For bottling, I transfer from the secondary carboy to a bottling bucket before adding Sugar syrup or AJ for carbonation. I leave the last 1/2 inch or so (trub plus a bit of clear cider) in the bottom of the carboy and don't have any trouble with clarity or carbonation. There should be plenty of suspended yeast in the transferred cider.
If I am bottling early (say at 1.005 to 1.010 or higher) for carbonation or for pasteurising to retain sweetness, I will simply bottle straight from the carboy and also leave the last 1/2 inch behind. This costs me about a half bottle (i.e. a 5 litre carboy should yield 15 x 333ml bottles but I only get 14 and a bit) so I drink the bit for "quality control" and as a reward for my efforts!!!

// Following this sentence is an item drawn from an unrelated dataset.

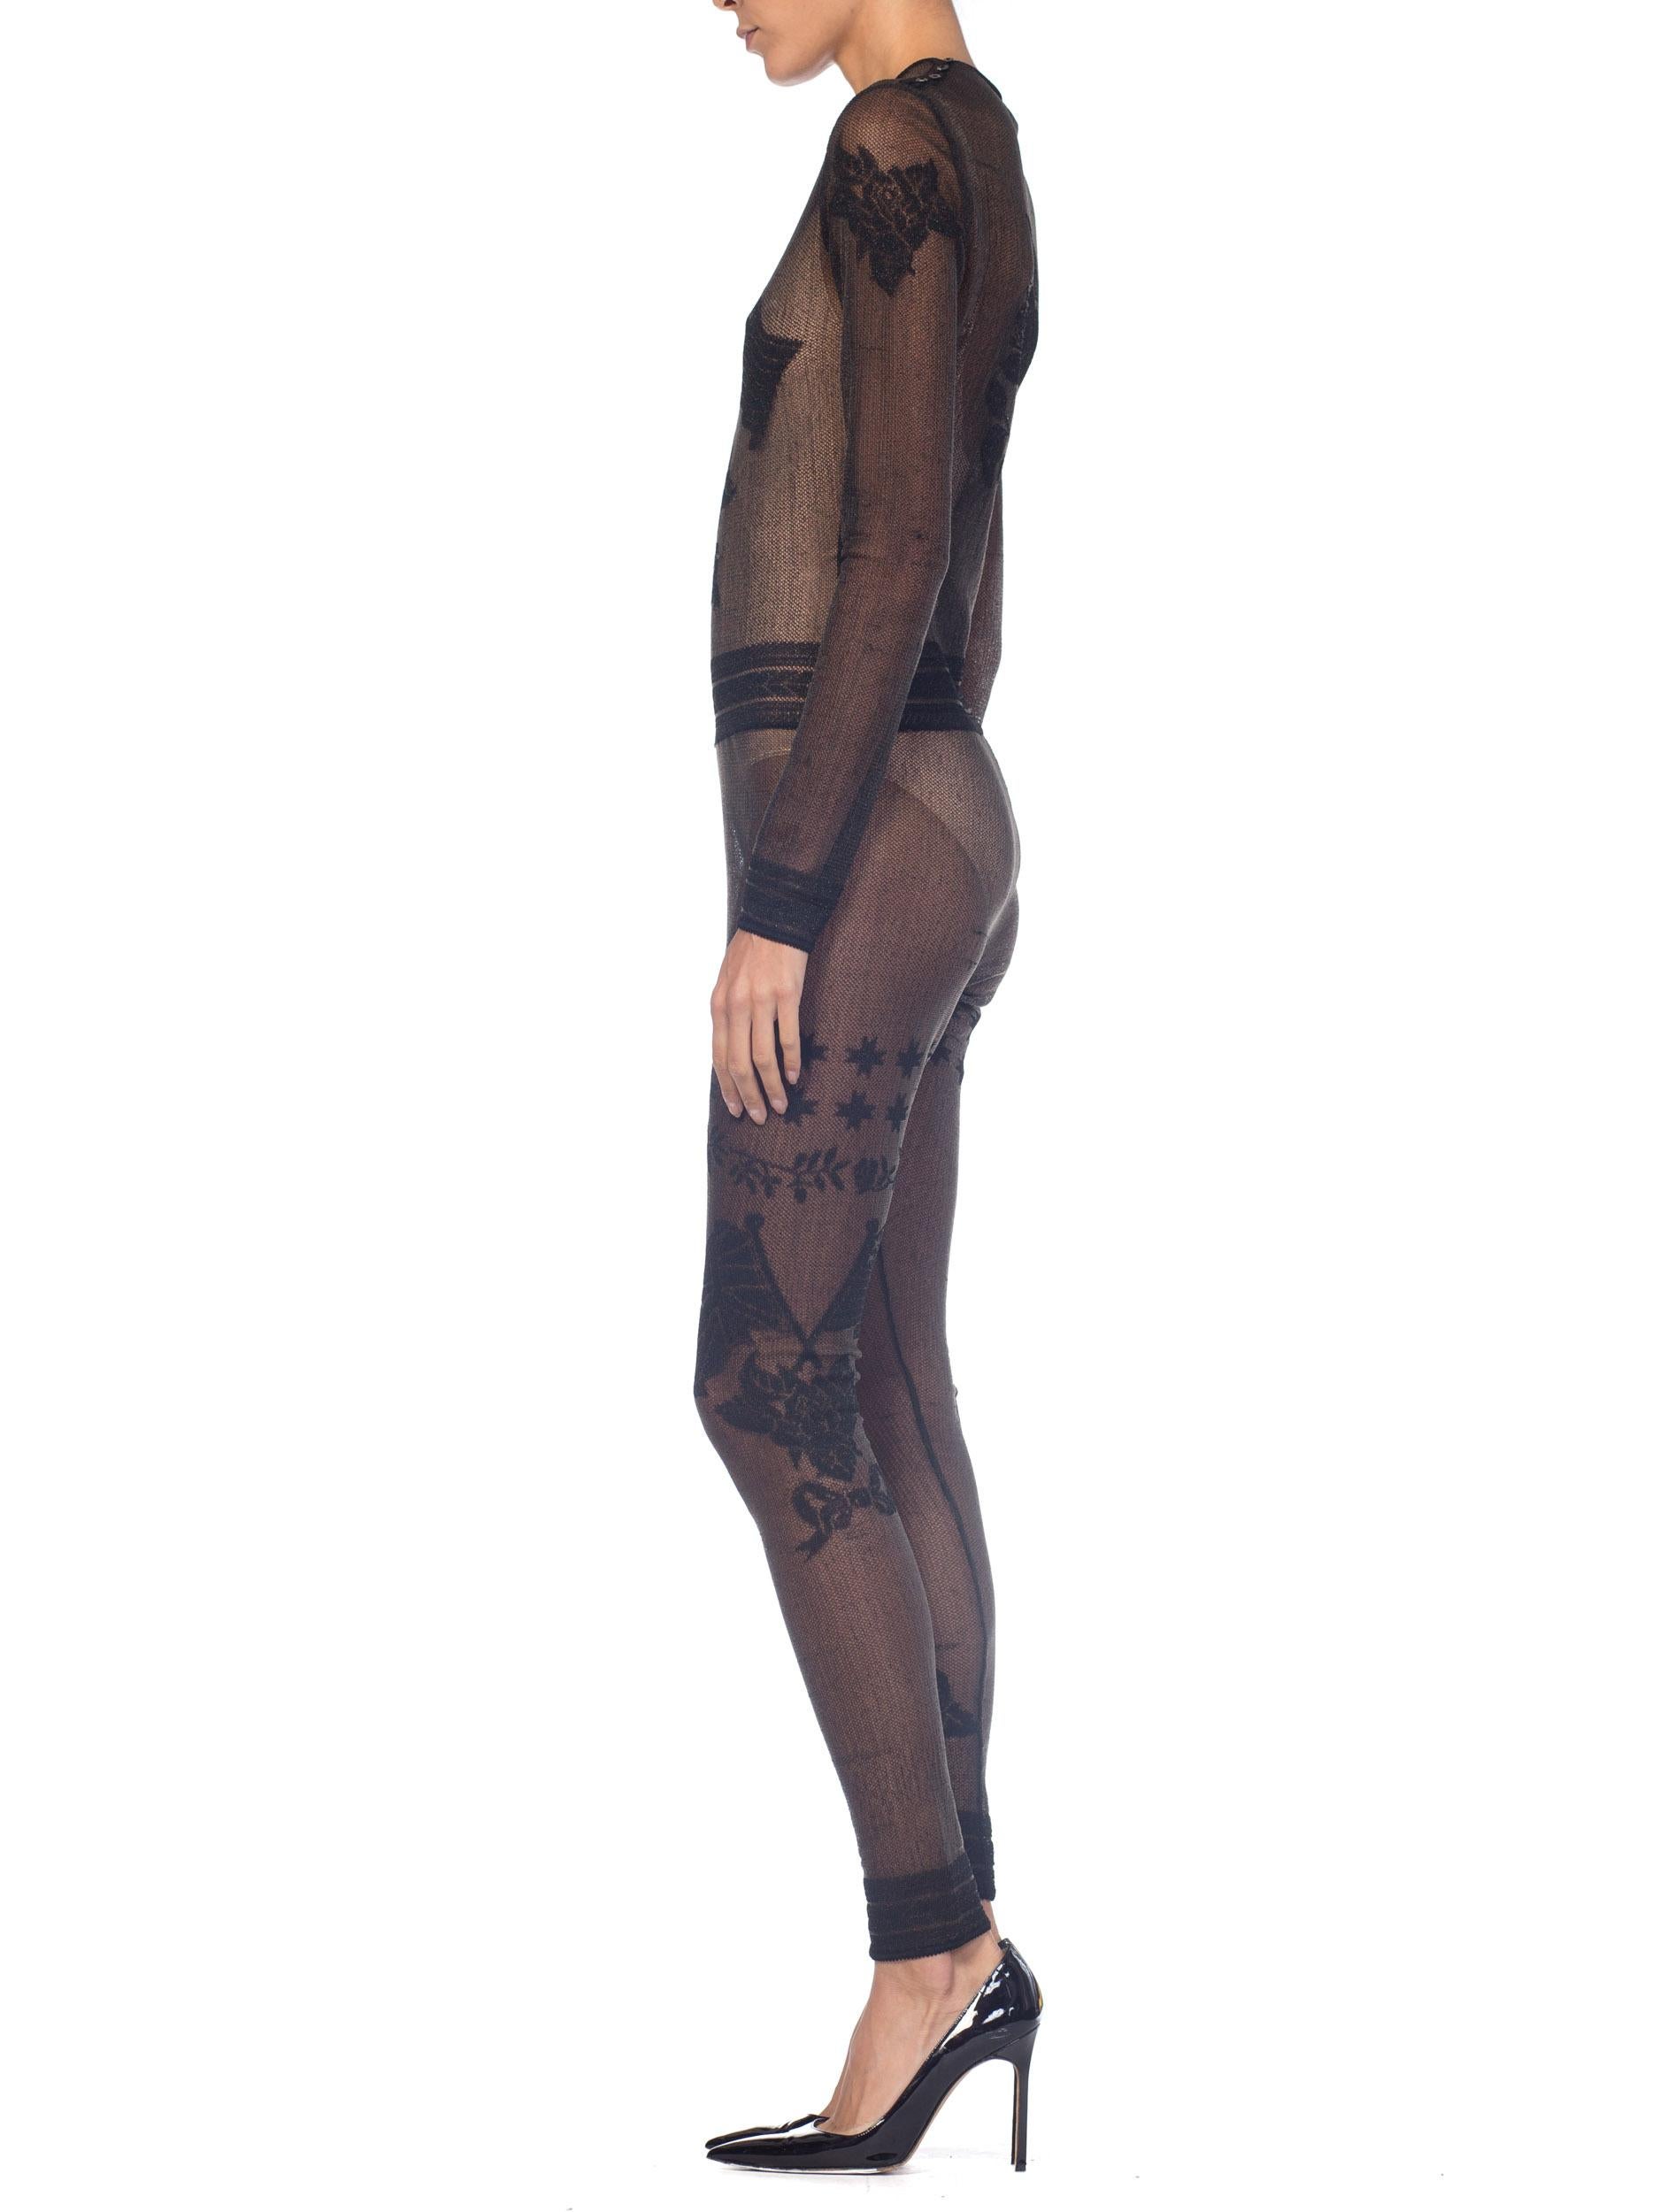 1990S JOHN GALLIANO Sheer Knit Bodysuit Jumpsuit From The Siouxsie Sphinx Colle 3

I do sometimes get a very fine film of expired yeast etc on the bottom of the bottle but if this mixes with the cider when pouring or through vocano type carbonation, you don't notice it (or you can pour carefully and leave the last few drops).

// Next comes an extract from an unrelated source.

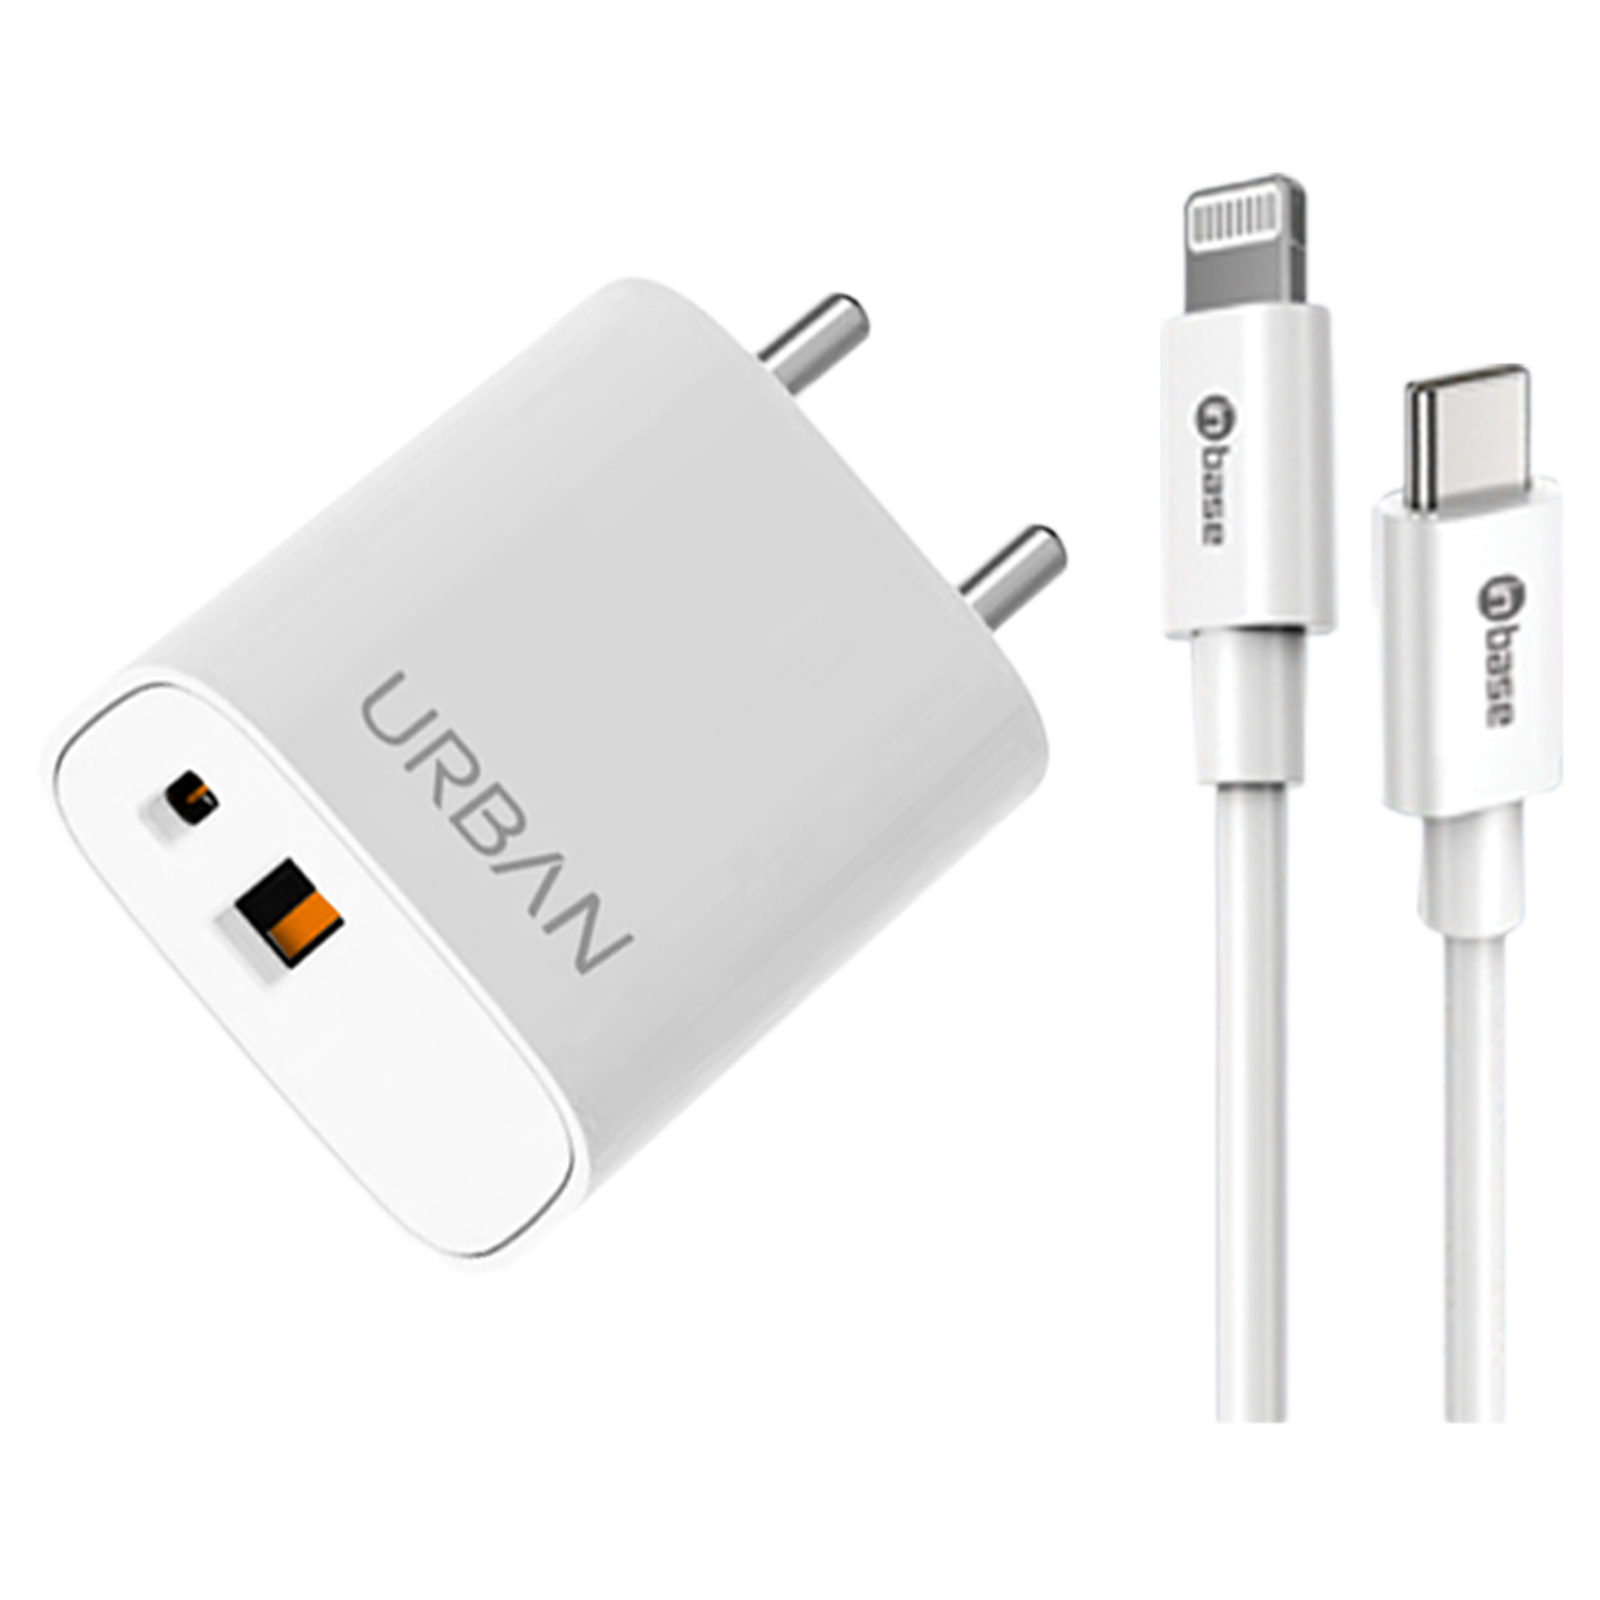 Inbase Urban Sprint 20 Watts 2-Port USB Type-C and PD + QC USB 3.0 Type-A Wall Charging Adapter with Cable (Quick Charging Technology, IB-2046, White)_1

In any case it is quite hard to filter out yeast. I understand that you need something like a 0.5 micron filter for yeast (Lea suggests that some big commercial operators use 0.2 microns and I know that one of the local semi-commercial craft cidermakers uses a one micron filter under pressure). One of the smallest filters readily available to us amateurs is a coffee filter at around 20 microns and if you ever try filtering a gallon of cider through that, you will wait for a long time and probably still retain a lot of yeast.
So, I guess the short answer is "don't worry too much about it", just minimise the amount of muck that you transfer to the bottles either through filtering (I sometimes use a double layer of cheesecloth or muslin if there is suspended pulp) or careful siphoning.